I know this is pretty basic but I just heard of regex for the first time yesterday (I read most of this website - http://www.regular-expressions.info about it though)
Thank you!
Yuval

Edit: Tried

Code: Select all

$content = preg_replace('# +#',' ',$content);
but no luck... (space -plus sign- replaced with just one space)
User avatar
Benjamin
Site Administrator
Posts: 6935
Joined: Sun May 19, 2002 10:24 pm

Post by Benjamin »

untested..

Code: Select all

while (preg_match('#<br\s{0,}/{0,}>\s{0,}<br\s{0,}/{0,}>#i', $content))
{
    $content = preg_replace('#<br\s{0,}/{0,}>\s{0,}<br\s{0,}/{0,}>#i', '<br />', $content);
}
User avatar
Ollie Saunders
DevNet Master
Posts: 3179
Joined: Tue May 24, 2005 6:01 pm
Location: UK

Post by Ollie Saunders »

I'm sure you know astions, but {0,} can be written as *
I would write it as this

Code: Select all

$pattern = '#(<br\s*/?>\s*){2,}#i';
while (preg_match($pattern, $content)) {
    $content = preg_replace($pattern, '<br />', $content);
}
User avatar
superdezign
DevNet Master
Posts: 4135
Joined: Sat Jan 20, 2007 11:06 pm

Post by superdezign »

Why bother with the preg_match call?
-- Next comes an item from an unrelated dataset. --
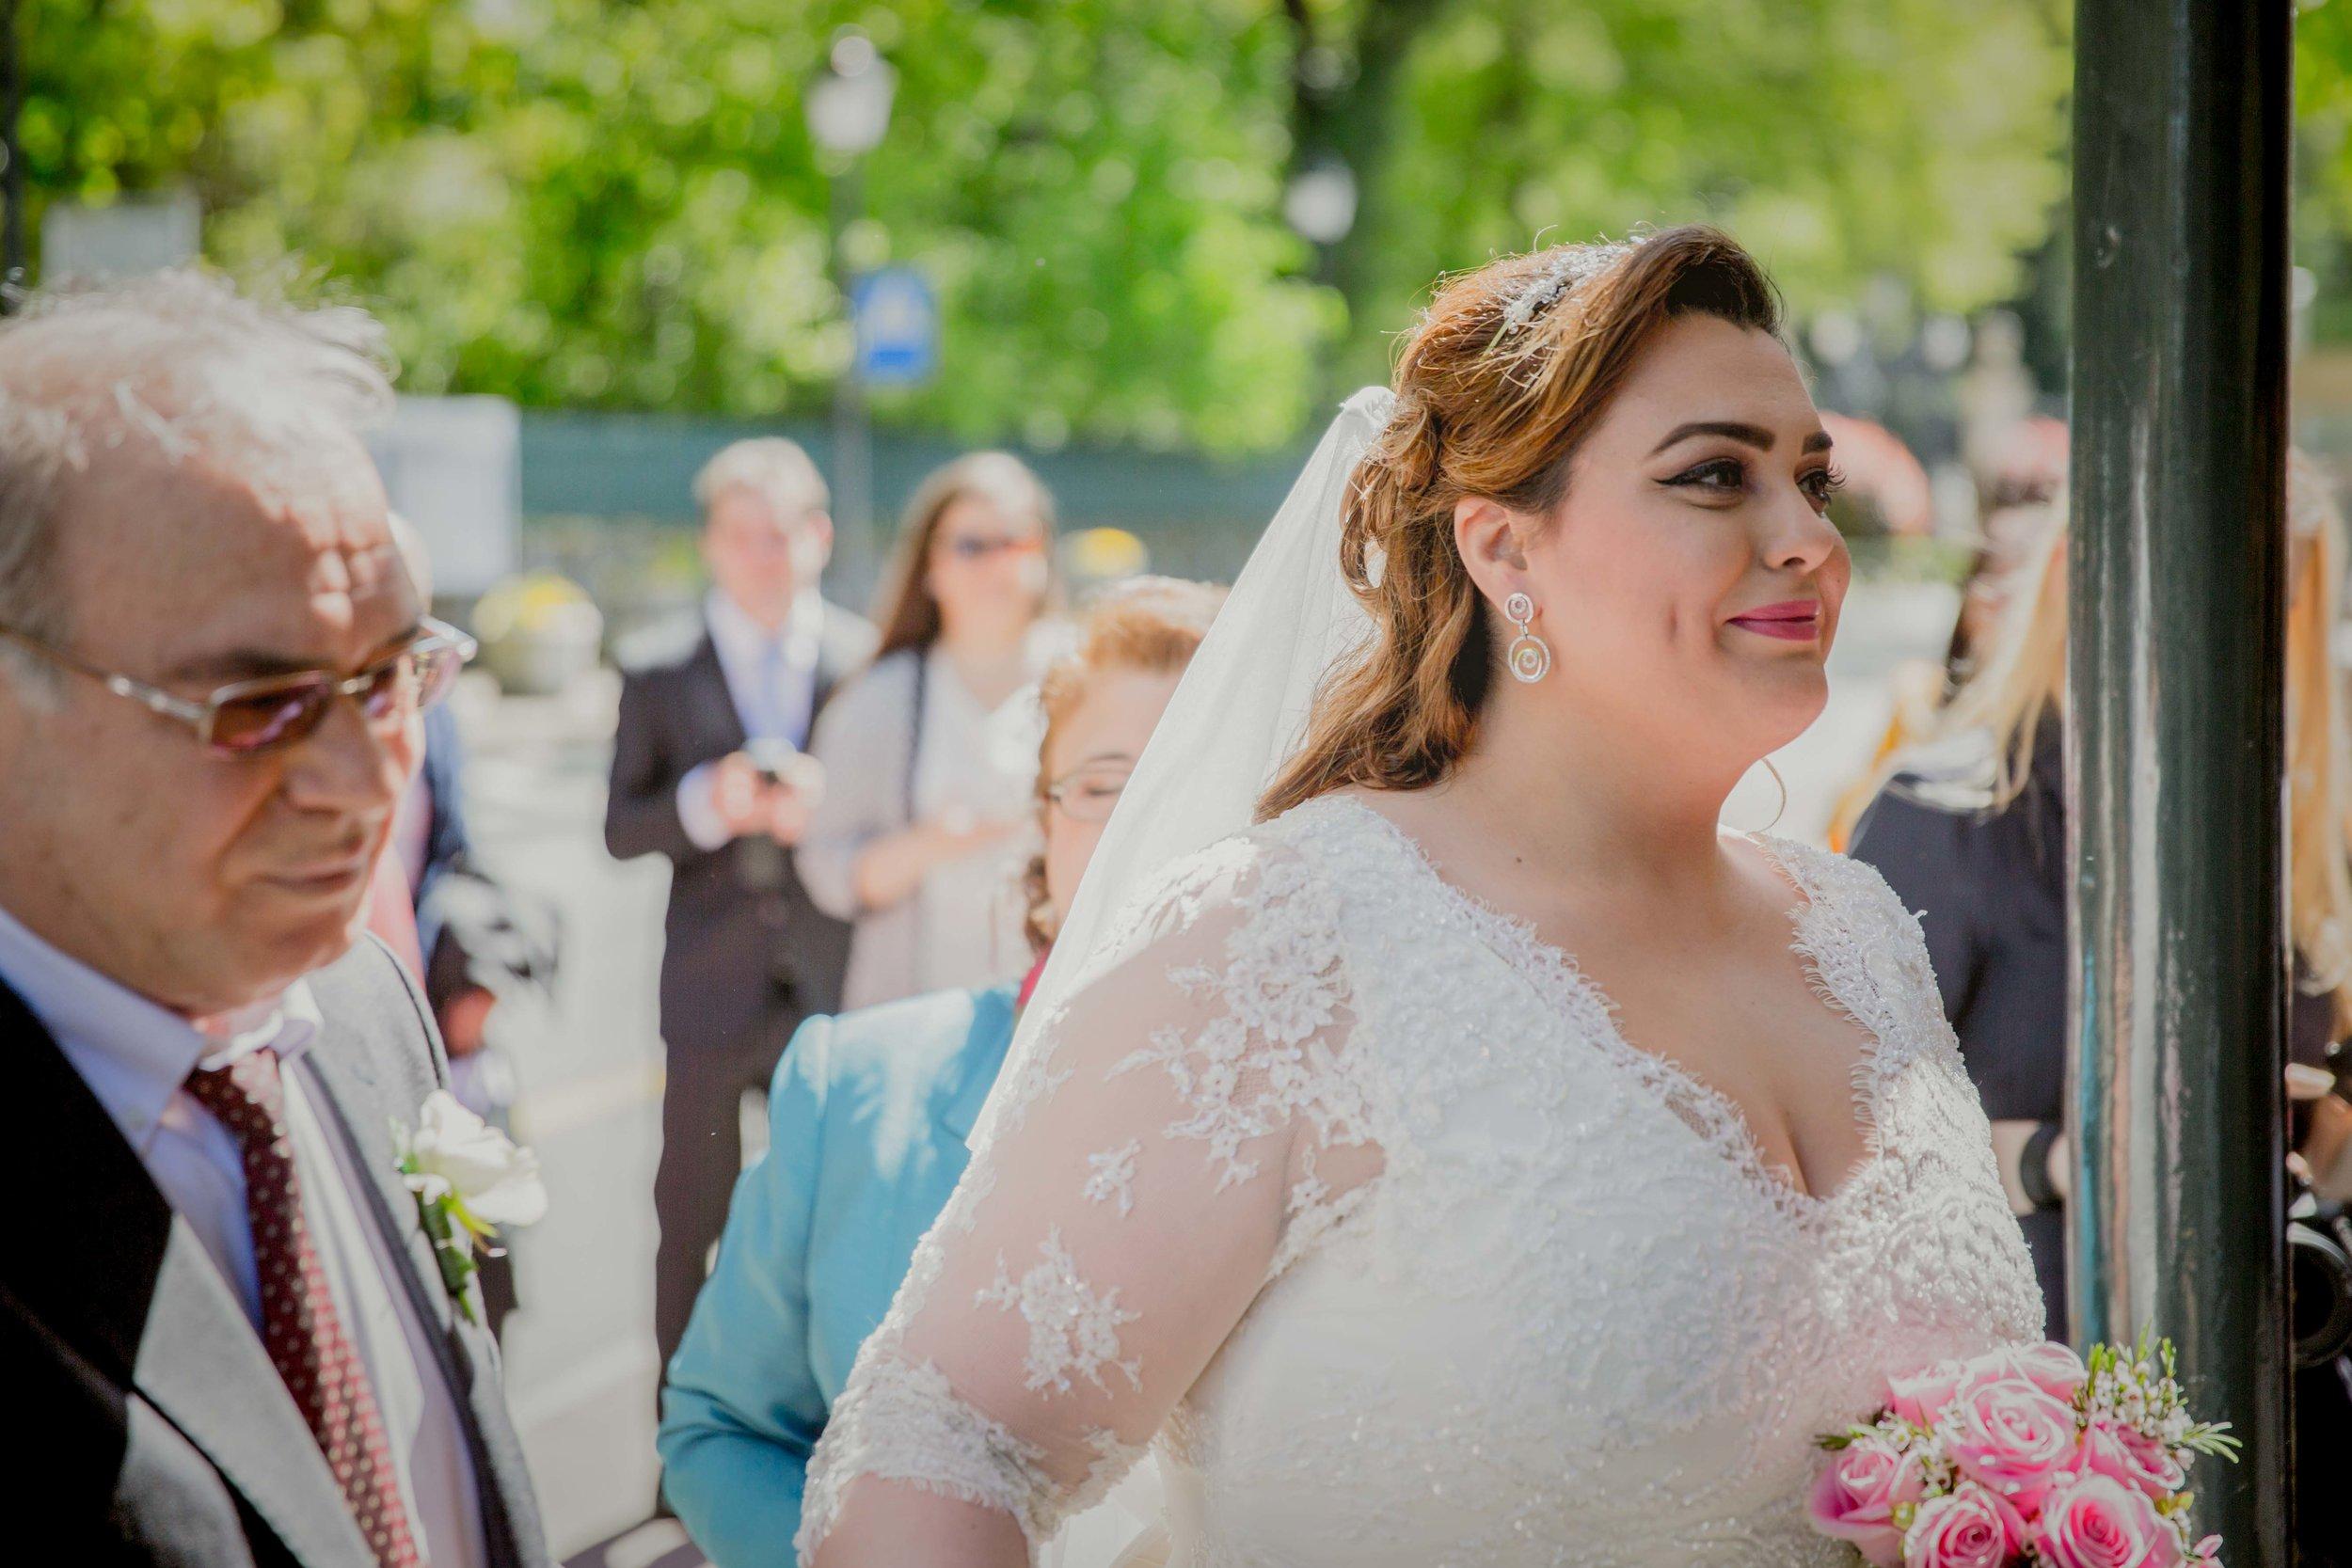 parc-des-eaux-vives-destination-wedding-photographer-geneva-switzerland-natalia-smith-photography-11.jpg

It's unnecessary. preg_replace will replace all occurrences.
User avatar
GeertDD
Forum Contributor
Posts: 274
Joined: Sun Oct 22, 2006 1:47 am
Location: Belgium

Post by GeertDD »

Does is get simpler than this?

Code: Select all

preg_replace('/(?:<br>){2,}/', '<br>', $content);
Note that I'm not bothering about uppercased tags or xhtml breaks. You just have got to know the context and since your example text only shows <br>s there is no point in making the regex match anything other.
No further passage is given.